On the news front, according to Cailian Press, the UK will cancel 33 wind turbine component import tariffs starting April 1, reducing tariffs on core parts like blades and cables from 6% and 2% to 0%, aiming to unlock 22 billion pounds of investment and accelerate offshore wind installation in the North Sea.
Guojin Securities remains optimistic about Europe’s offshore wind export chain, believing that the demand for green electricity driven by data centers and Europe’s energy independence ambitions fueled by the US-Iran conflict will further boost long-term demand for European offshore wind. Fundamentally, according to ICIS forecasts, Europe’s data center capacity is expected to increase from 10.6 GW to 26.6 GW by 2035. If 50% of the additional data center power demand is met by offshore wind, an extra approximately 24 GW of offshore wind capacity could be added beyond current government auction processes. Several data center projects have recently signed offshore wind PPA agreements, indicating that demand may be about to explode.
Additionally, Guojin Securities believes that the natural gas price fluctuations caused by the US-Iran conflict further trigger Europe’s energy independence sensitivities. Offshore wind, as a perfect energy technology to meet Europe’s requirements for affordability, safety, and cleanliness, will undoubtedly become a key choice for European governments in the future.
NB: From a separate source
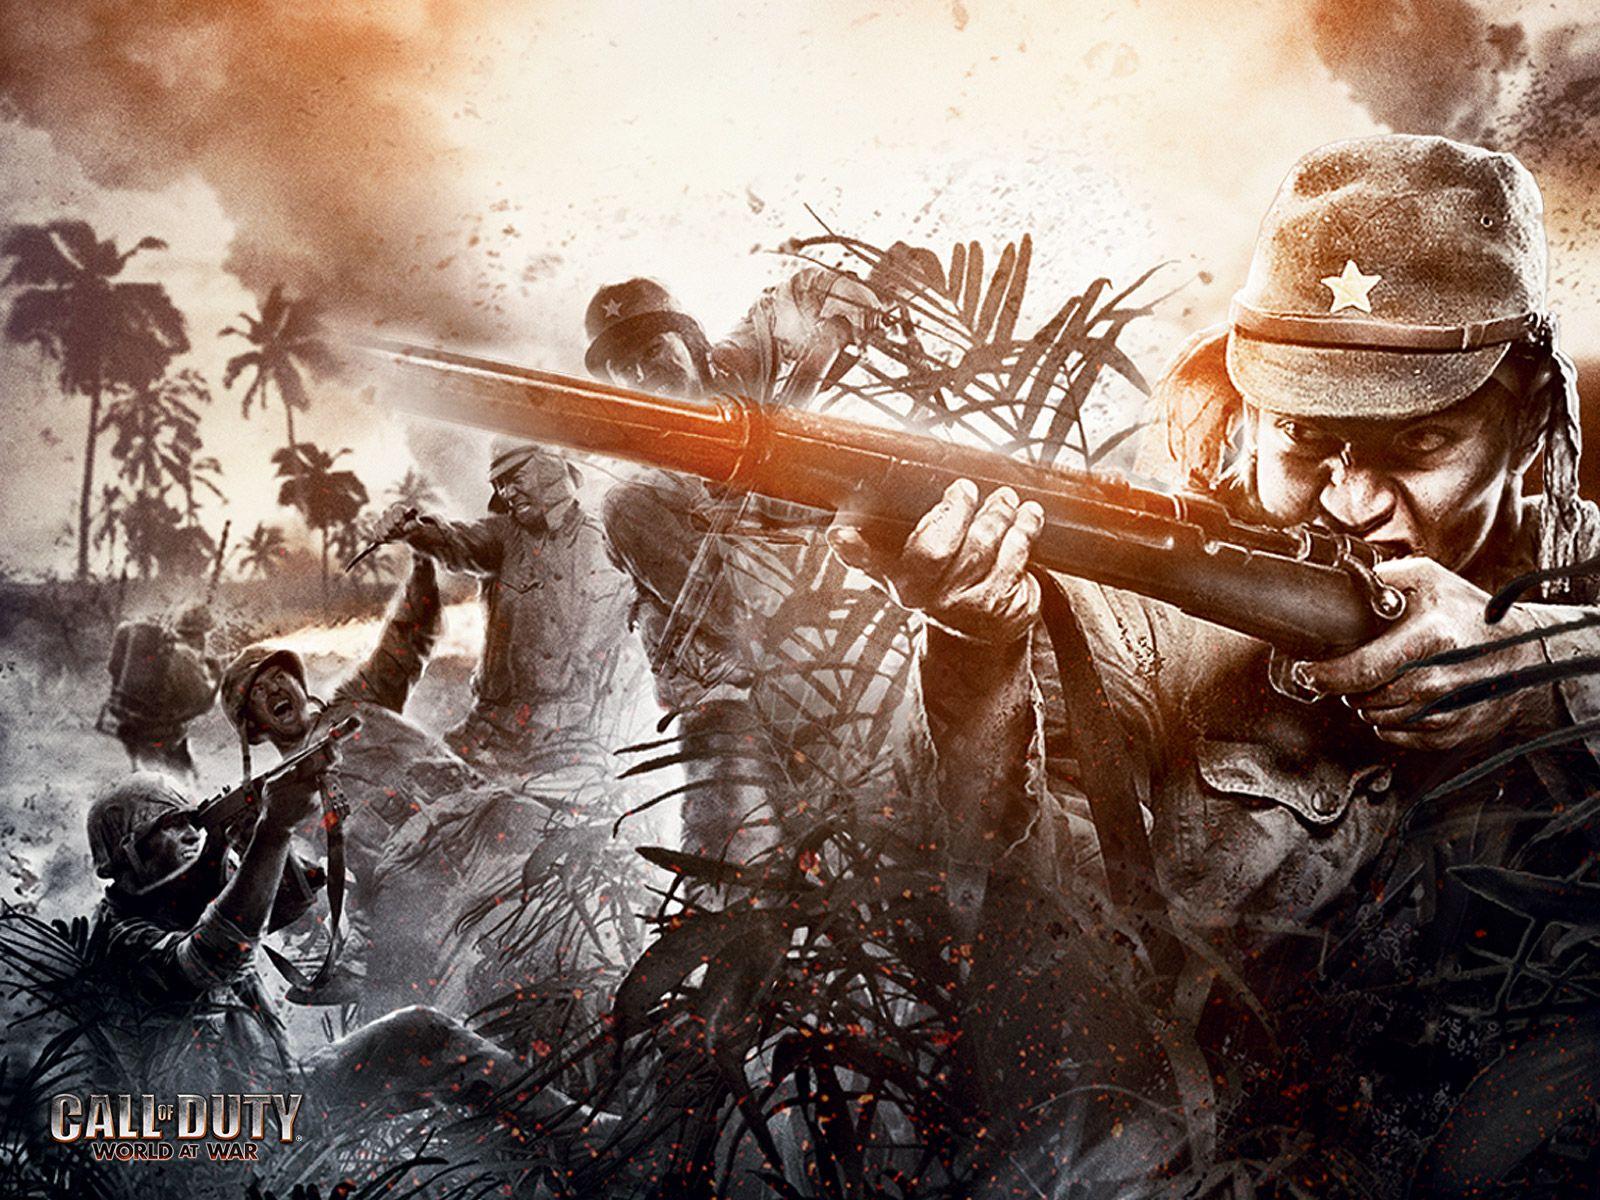 Call of duty 5 wallpaper Group (73)

Guosheng Securities states that Europe’s power system currently relies on natural gas regulation, with soaring natural gas prices likely accelerating Europe’s efforts to reduce dependence on natural gas. Coal, nuclear, and wind power are expected to become alternative power sources. The overlapping demand for electricity from US AI developments and the replacement of aging power grids has intensified the demand for electrical equipment. Under this background, domestic industry chains may see relaxed access conditions for certain consumables and components.
(Disclaimer: The content of this article is for reference only and does not constitute investment advice. Investors operate at their own risk.)